The dual capital arrangement lasted until the 1870s, when it became clear that the state no longer needed two capital cities that were just 35 miles apart. Both Hartford and New Haven wanted to become the sole capital, but the decision was left to the voters of Connecticut, who chose Hartford in a statewide referendum. The New Haven State House was used for the last time in 1874, and starting the following year the legislature met exclusively in Hartford’s Old State House. A new state house, located in Bushnell Park in Hartford, was completed in 1878, and it has remained in use ever since.

In the meantime, the now-vacant state house here in New Haven was the subject of several redevelopment plans, including preserving the it and turning it into a library. However, the fate of the building polarized many New Haven residents, with some admiring it for its architectural and historical significance, while others saw it as a daily reminder of the city’s defeat in the race for the state capital. Notwithstanding an 1887 referendum, in which city voters appropriated $30,000 to restore the building, the city council chose to demolish it two years later instead. This portion of the Green has remained undeveloped ever since, and today the only surviving remnant from the first photo is the iron fence in the foreground.

State House, New Haven, Connecticut

The Connecticut State House on the New Haven Green, seen from the south side of the building, sometime around the 1870s or 1880s. Image from The Connecticut Quarterly (1895).

The scene in 2018:

During the early colonial period, the modern-day state of Connecticut actually contained two separate colonies. In the northern part of the state was Connecticut Colony, which was centered around Hartford on the Connecticut River. To the south, along the shores of Long Island Sound, was New Haven Colony, which was centered around its namesake town. These two colonies were ultimately merged in 1664, but the divide between Hartford and New Haven persisted for many years. In 1701, the two towns were designated as co-capitals of the Connecticut Colony, and legislative sessions altered between them, with the May session being held in Hartford each year, and the October session here in New Haven.

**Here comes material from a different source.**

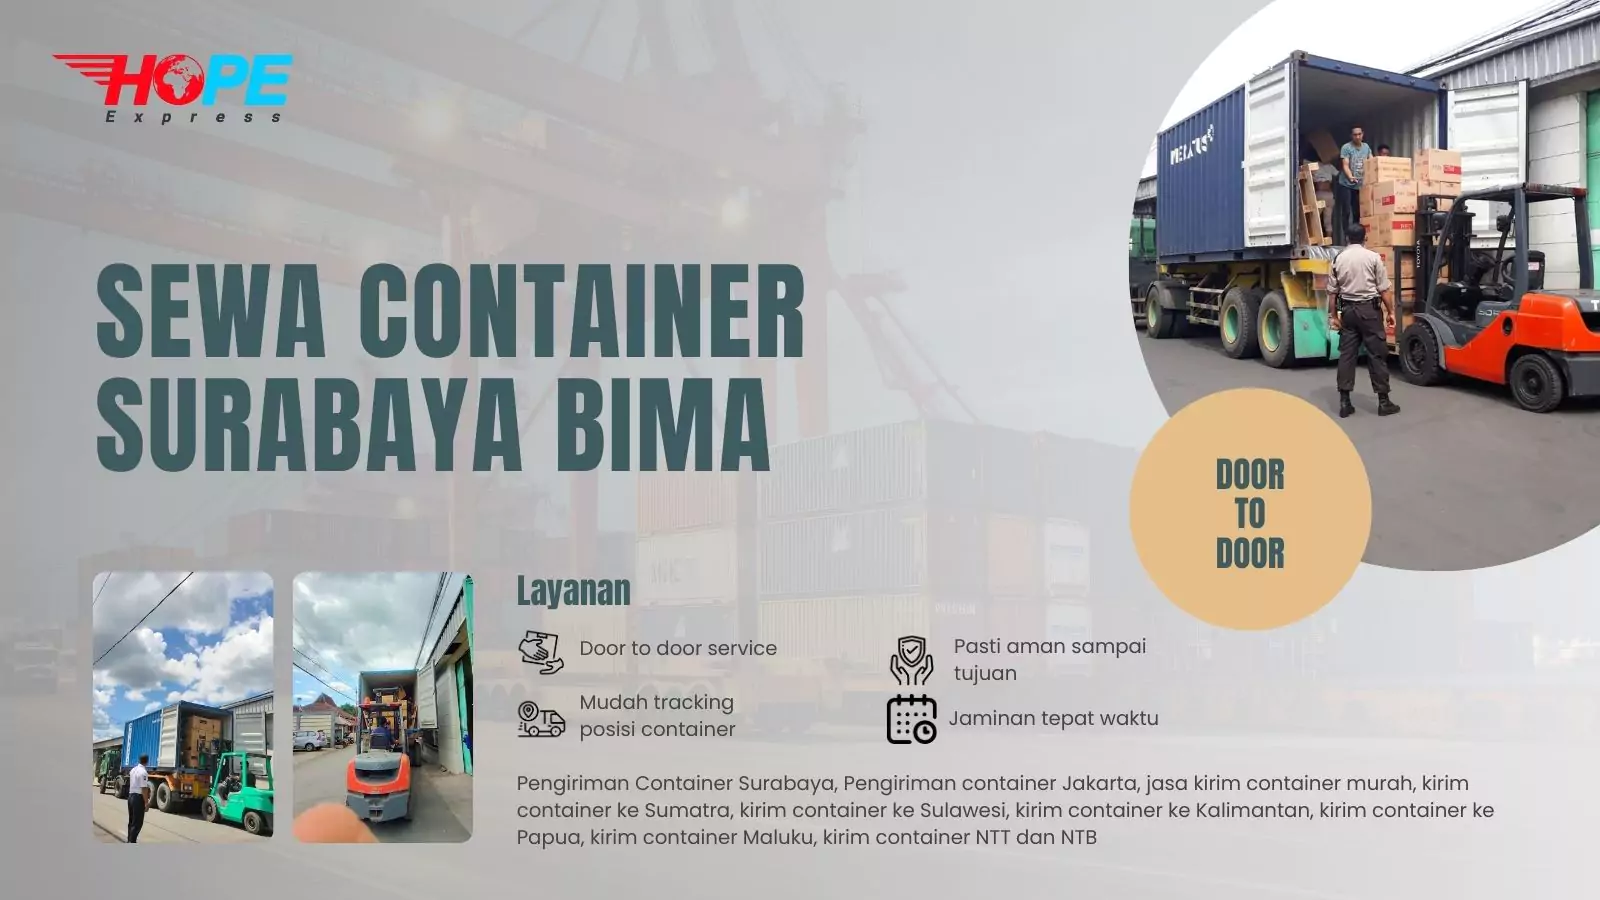 Sewa Container Surabaya Bima

Two capital cities also meant two capitol buildings, and New Haven had a series of different state houses that were all located here on the New Haven Green. The last of these, which is seen in the first photo, was completed in 1831, replacing an earlier brick state house that had been in use since 1763. Its design was the work of Ithiel Town, a prominent Connecticut architect whose earlier New Haven works had included Trinity Church and Center Church, both of which are still standing nearby on the Green. Together, these three buildings demonstrated Town’s wide range of abilities, between the Federal-style Center Church, the Gothic-style Trinity Church, and the Greek Revival-style State House.

Town’s imposing design for the State House gave the building the exterior appearance of an Ancient Greek temple. It was built of stone, and had porticoes on both the north and south sides of the building, with classically-inspired columns, entablatures, and pediments. On the interior, the building included space for both the state and county governments. The basement and the first floor housed county offices, along with the county courtroom, a jury room, and various committee rooms. The upper floor had the two legislative chambers, with the House of Representatives at one end of the building and the Senate at the other, and there was also a room for the secretary and two rooms for the governor.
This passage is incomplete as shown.